### STORED DATA
# # #

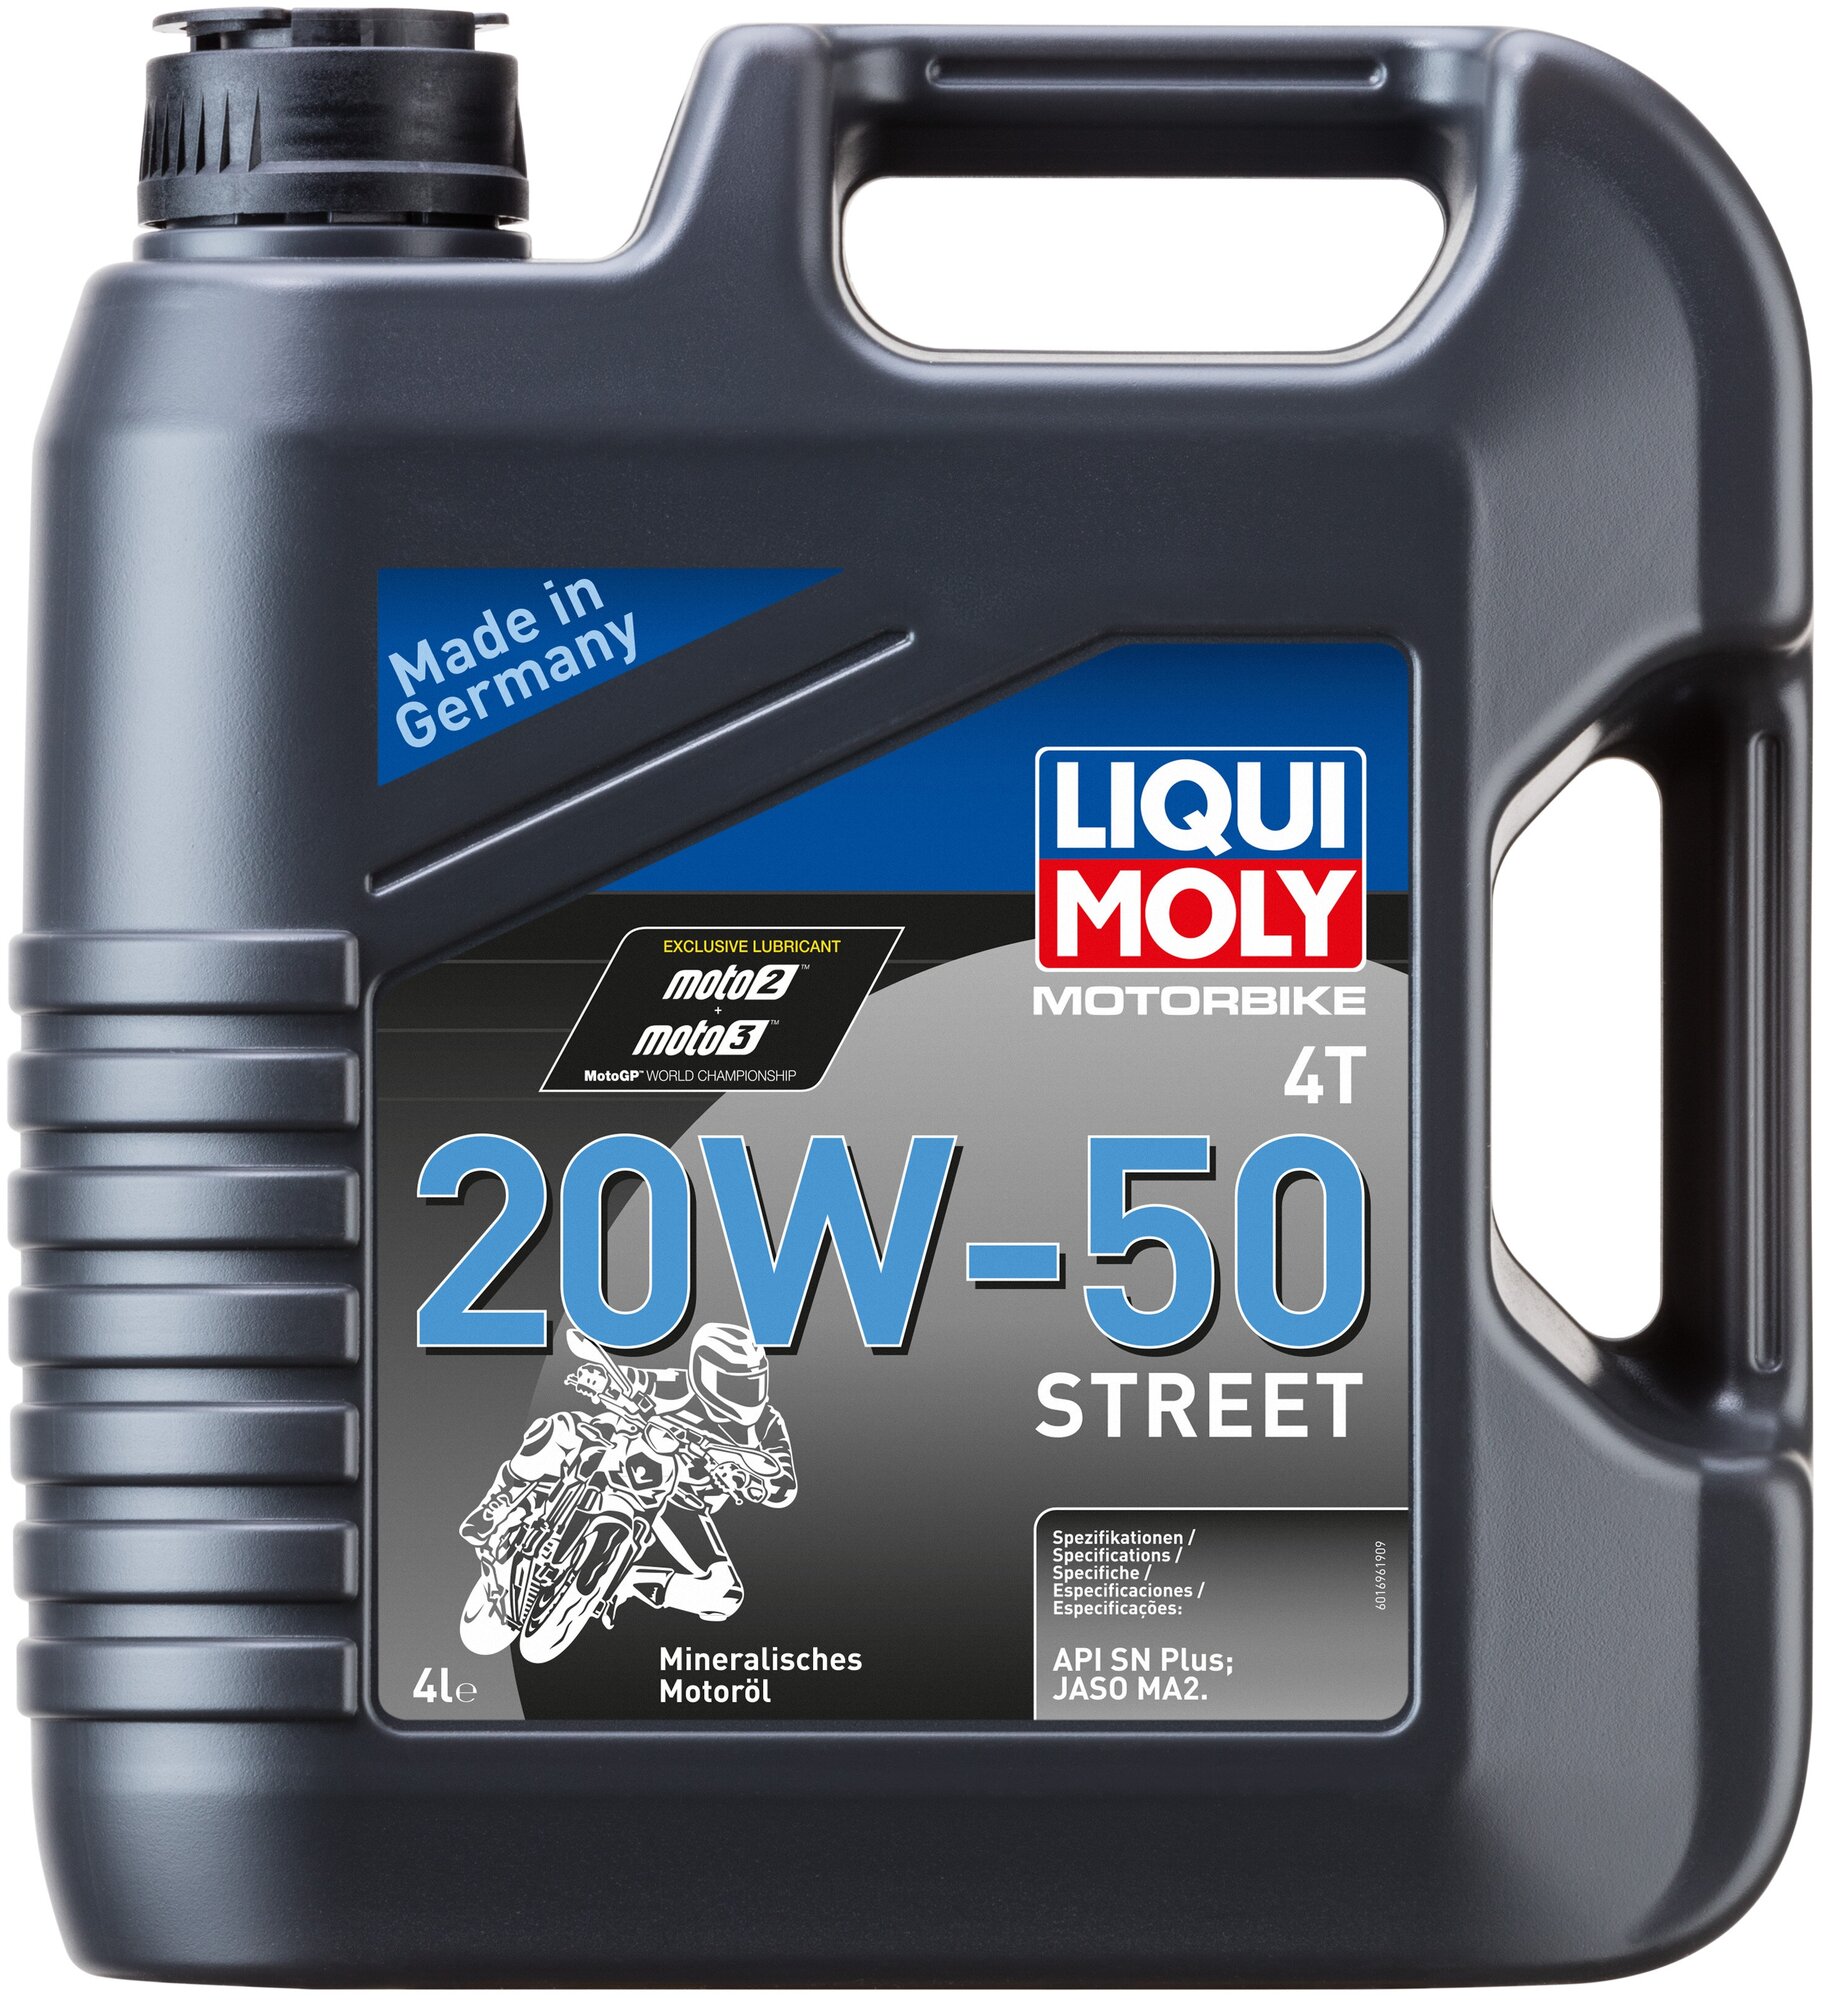 Синтетическое моторное масло LIQUI MOLY Motorbike 4T 20W-50 Street
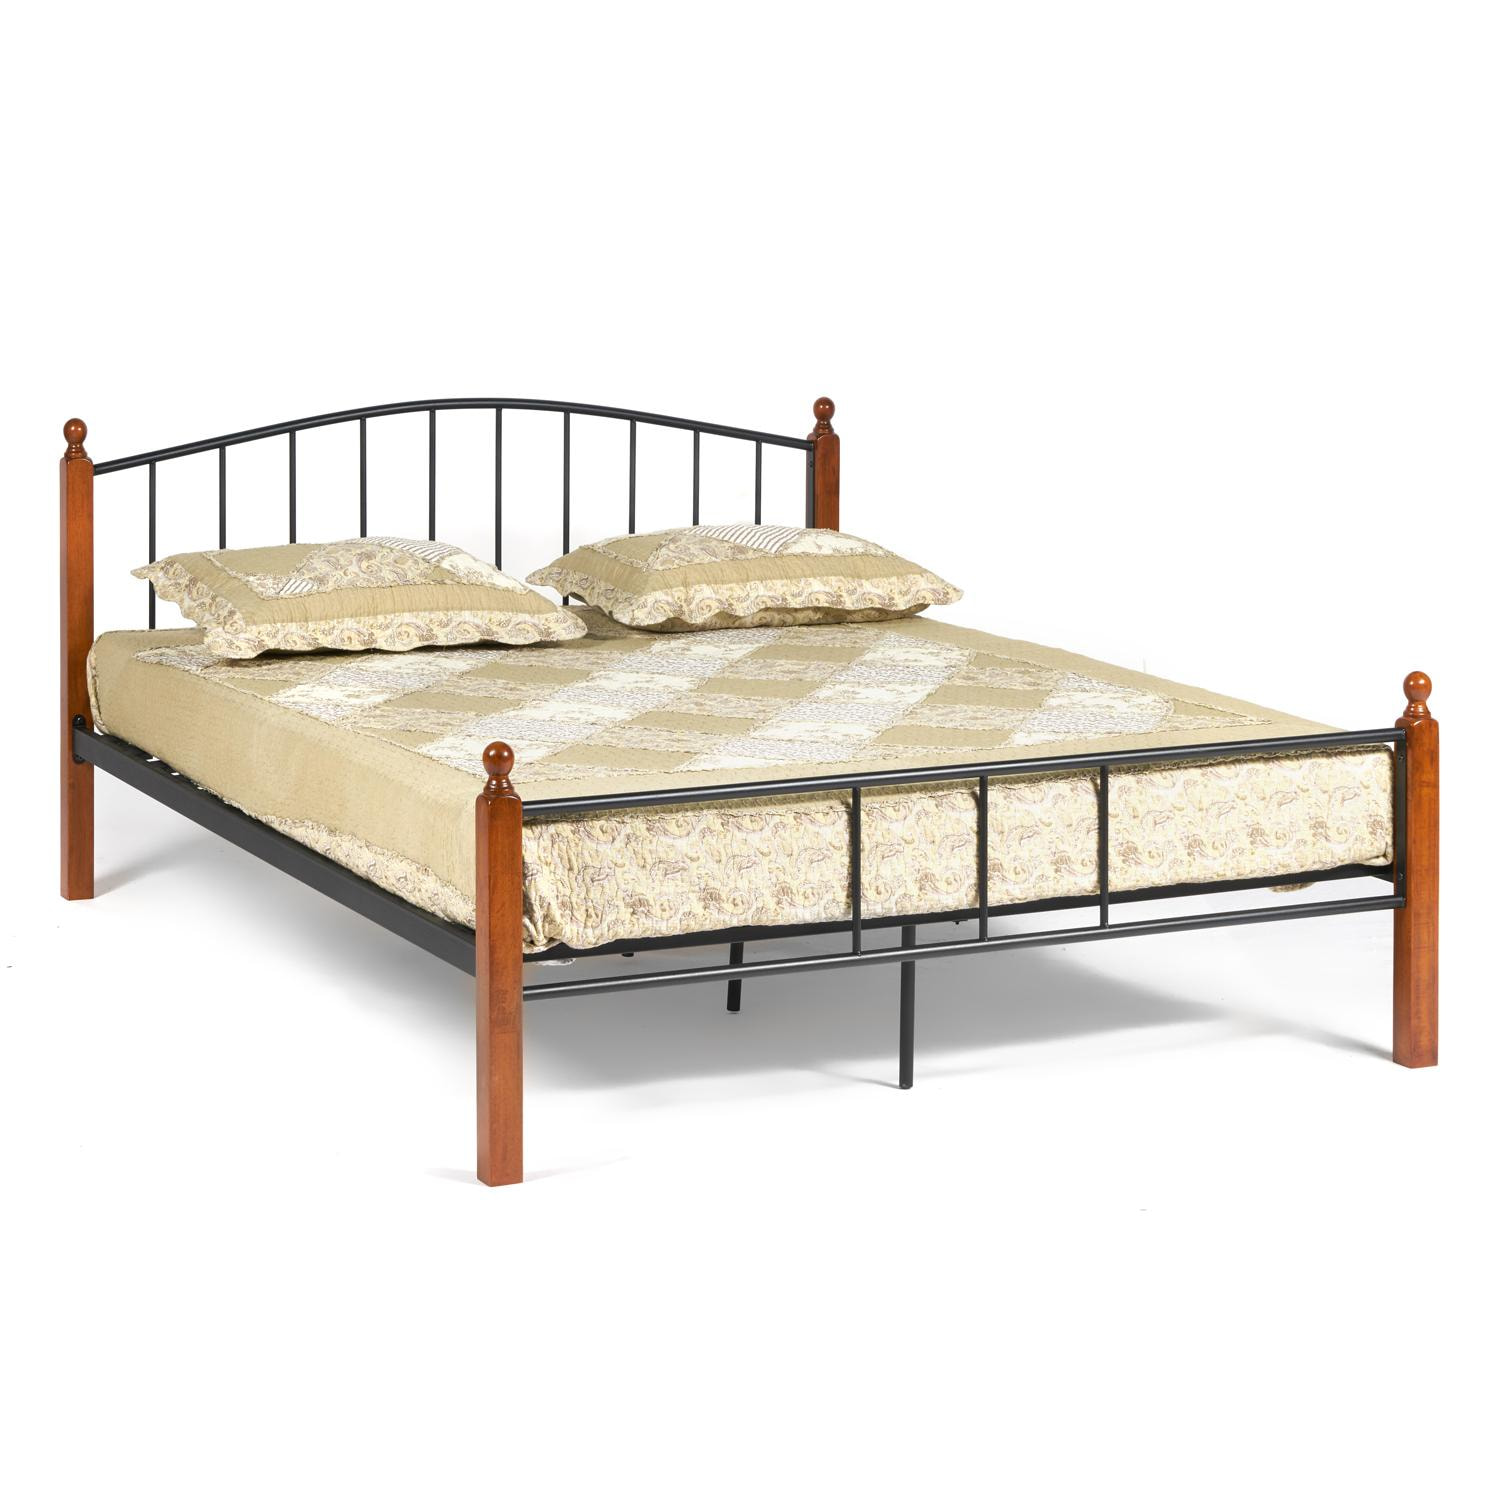 Кровать AT-915 Wood slat base дерево гевея/металл, 160*200 см (Queen bed), красный дуб/черный
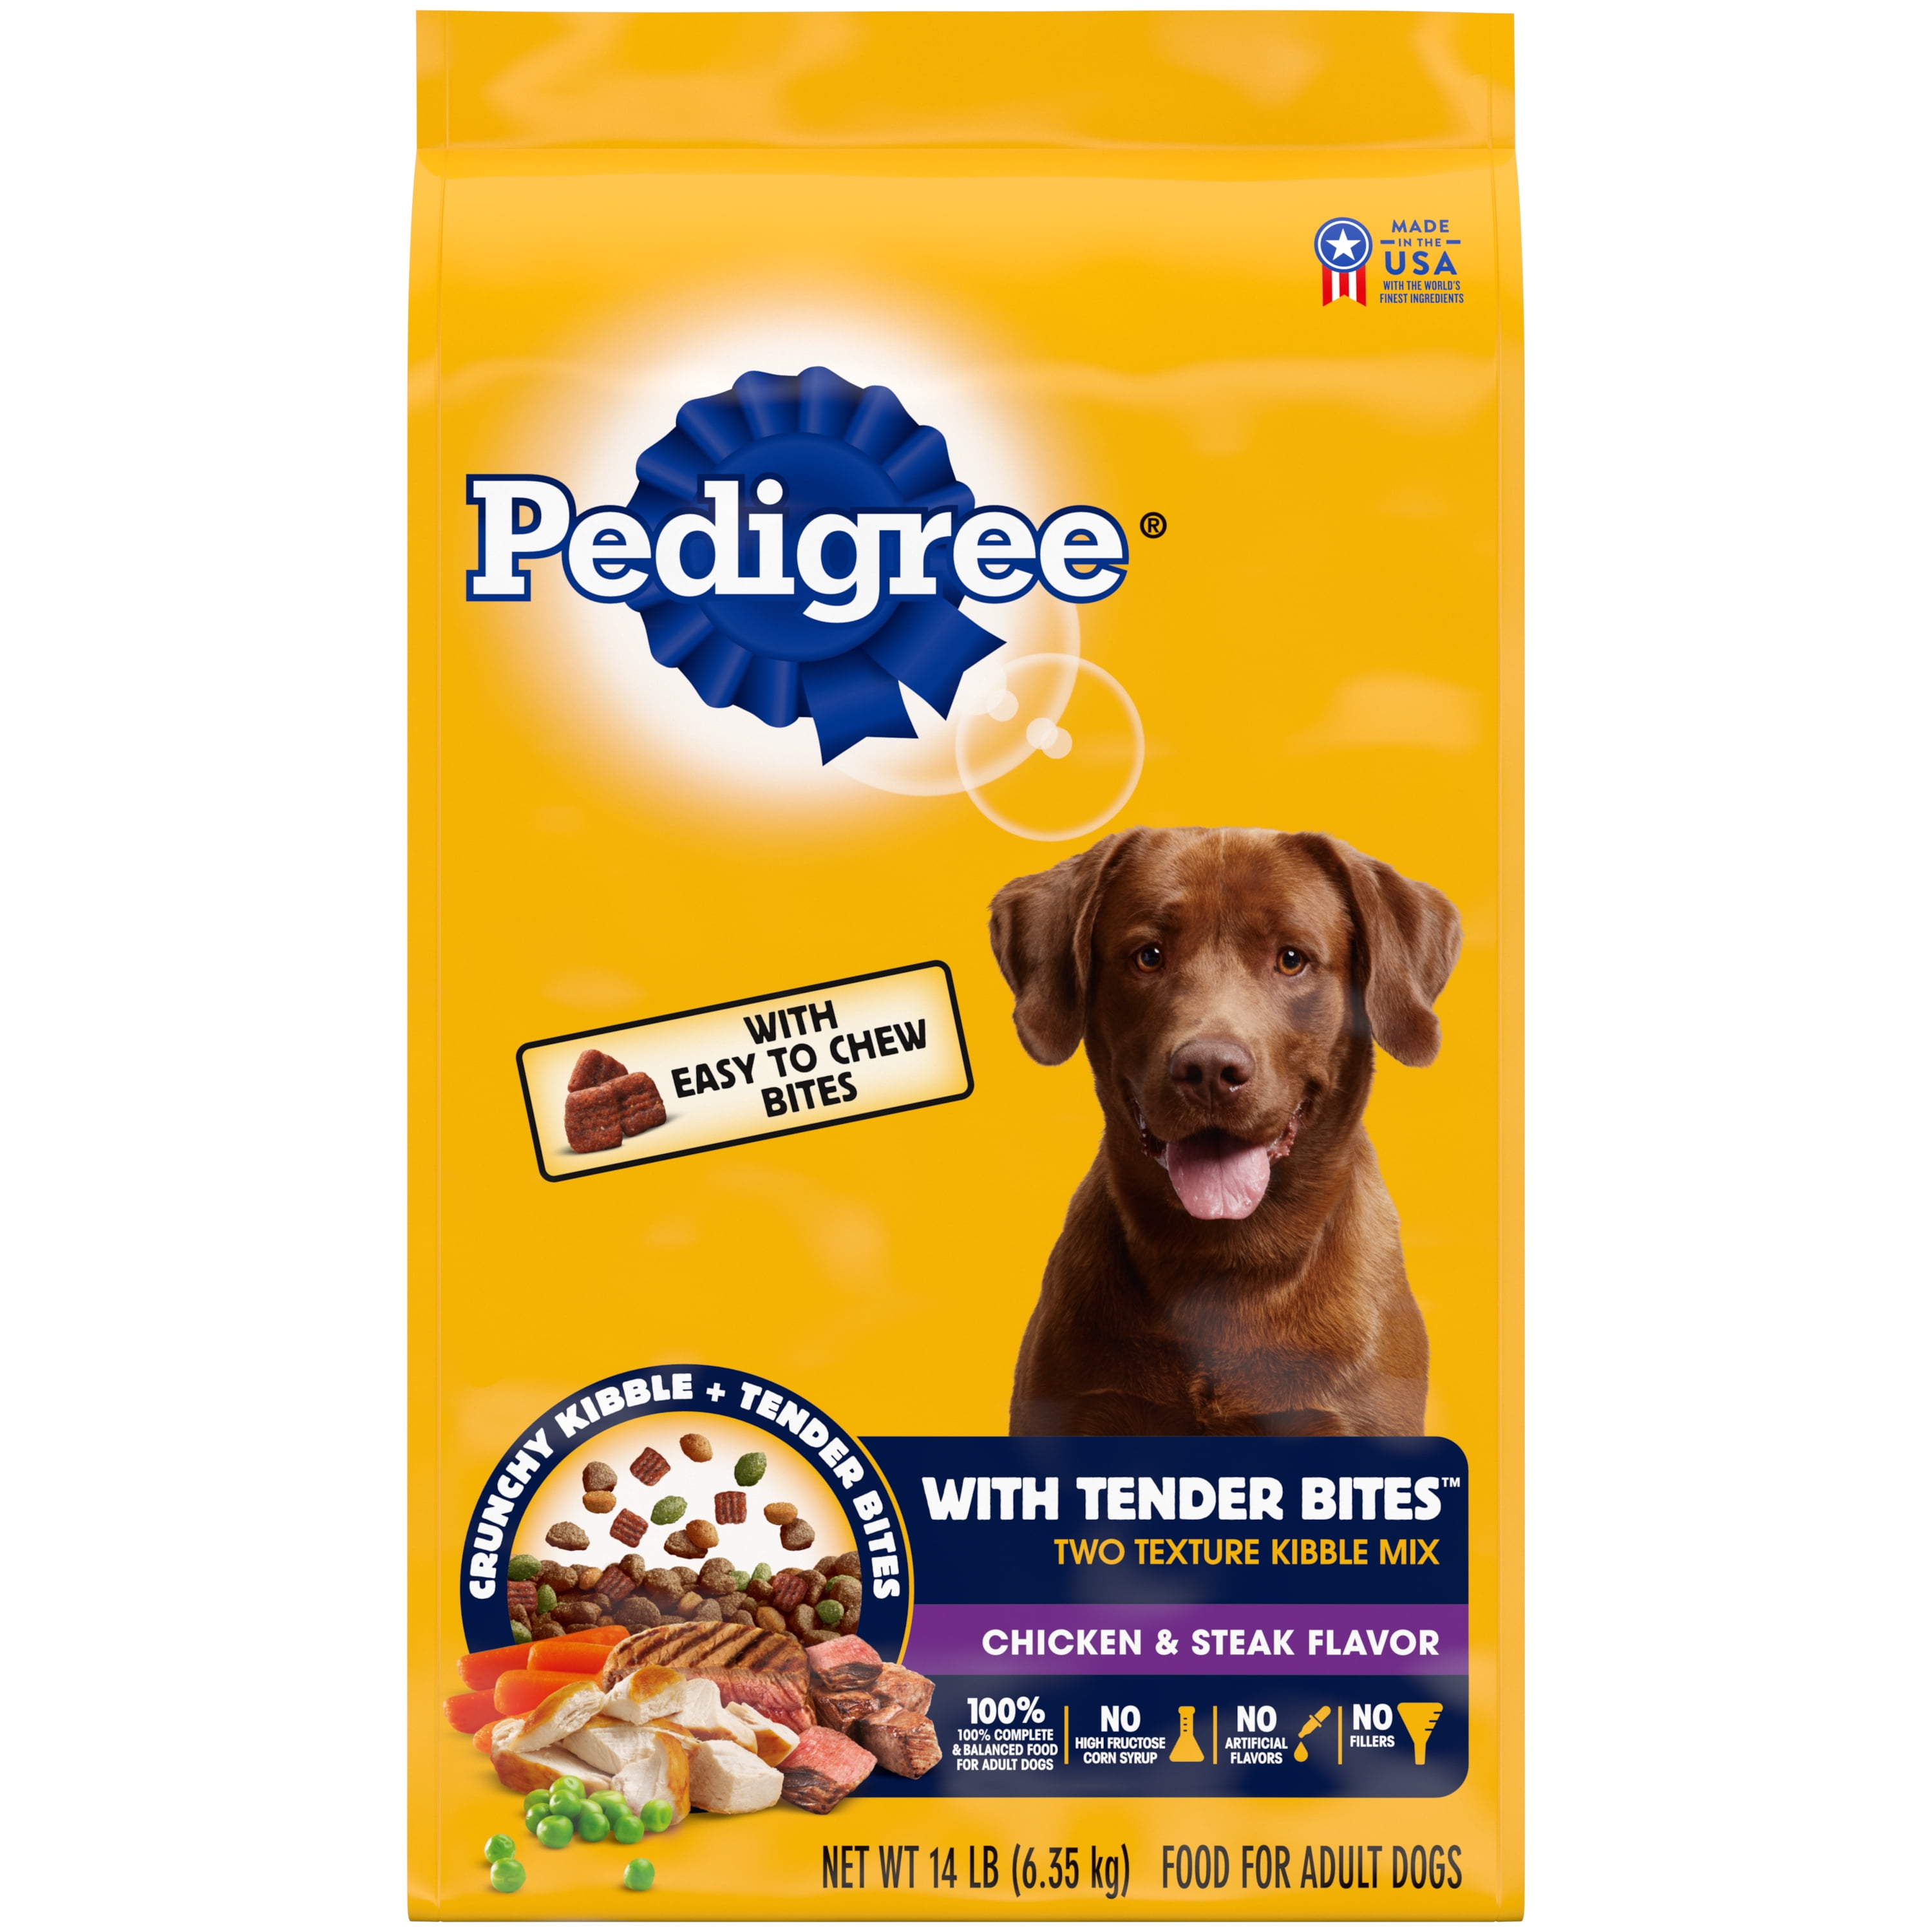 Pedigree with Tender Bites Complete Nutrition Chicken & Steak Flavor Dry Dog Food for Adult Dog, 14 lb. bag

# # #

### TASK TO CARRY OUT
Restate the data above exactly, stripping out each image.

### ANSWER AREA
 Синтетическое моторное масло LIQUI MOLY Motorbike 4T 20W-50 Street
 Кровать AT-915 Wood slat base дерево гевея/металл, 160*200 см (Queen bed), красный дуб/черный
 Pedigree with Tender Bites Complete Nutrition Chicken & Steak Flavor Dry Dog Food for Adult Dog, 14 lb. bag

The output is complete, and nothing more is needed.